Additionally, research cited by LiveStrong, found that consuming espresso can help reduce appetite, resulting in a reduction in calorie intake during the next meal. The site also noted that caffeine can incite thermogenesis or the body's production of heat, which could help you burn calories too.

You'll benefit from lots of good-for-you antioxidants if you drink espresso every day

Want to improve yourself on a micro-cellular level? Espresso can help with that. All coffee beans boast antioxidants, such as oxazoles and phenols; these powerful compounds work to "neutralize free radicals in your body," which can reduce illness-causing inflammation, according to LiveStrong.

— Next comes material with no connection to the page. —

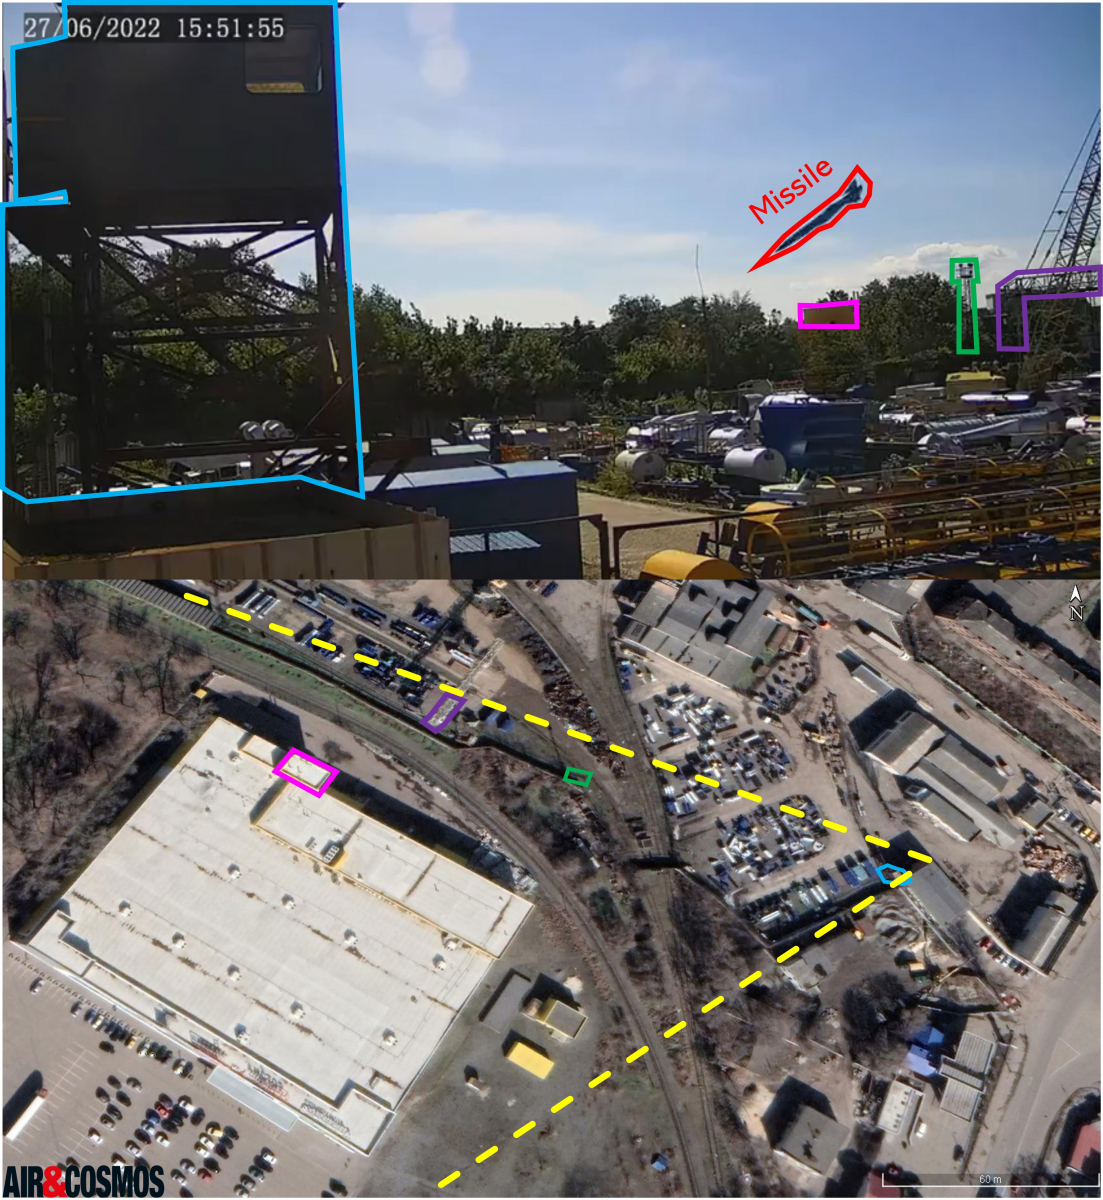 [Image 1] Capture d'écran provenant d'une caméra de surveillance toute proche du centre commercial.

In other words, espresso's antioxidants help to fight off lots of common "chronic conditions, including arthritis, atherosclerosis and many types of cancer," as noted by One Medical.

And while lots of teas also boast antioxidant power, coffee has been shown to be the most effective vehicle on a cellular level, per One Medical. The site noted that experts have been able to identify approximately 1,000 antioxidants in "unprocessed coffee beans," with many more forming during the bean-roasting process. Furthermore, only coffee has chlorogenic acid, an antioxidant which is believed to help prevent cardiovascular disease. So if you drink espresso every day, feel good knowing you are protecting your body and doing right by your cells.

If you drink espresso every day, your liver may thank you

Great news: a review of multiple studies that was published The BMJ, as cited by Medical News Today, indicated that drinking espresso or caffeinated coffee beverages every day could actually decrease your risk of getting "liver cancer, nonalcoholic fatty liver disease, and cirrhosis." Additionally, as noted by the health site, coffee-chugging individuals could have a reduced risk of getting gallstone disease.

Those with kidney disease can rest assured they will not have to eliminate espresso from their already limited diets. In fact, research has shown that an increase in caffeine intake in chronic kidney disease patients could potentially lower their chance of premature death, per WebMD. But the National Kidney Foundation warns people that they should avoid certain additives commonly found in coffee creamers and syrups, such as chemical phosphates. So instead of ordering a sweet creamy coffee drink, maybe stick to that black shot of espresso.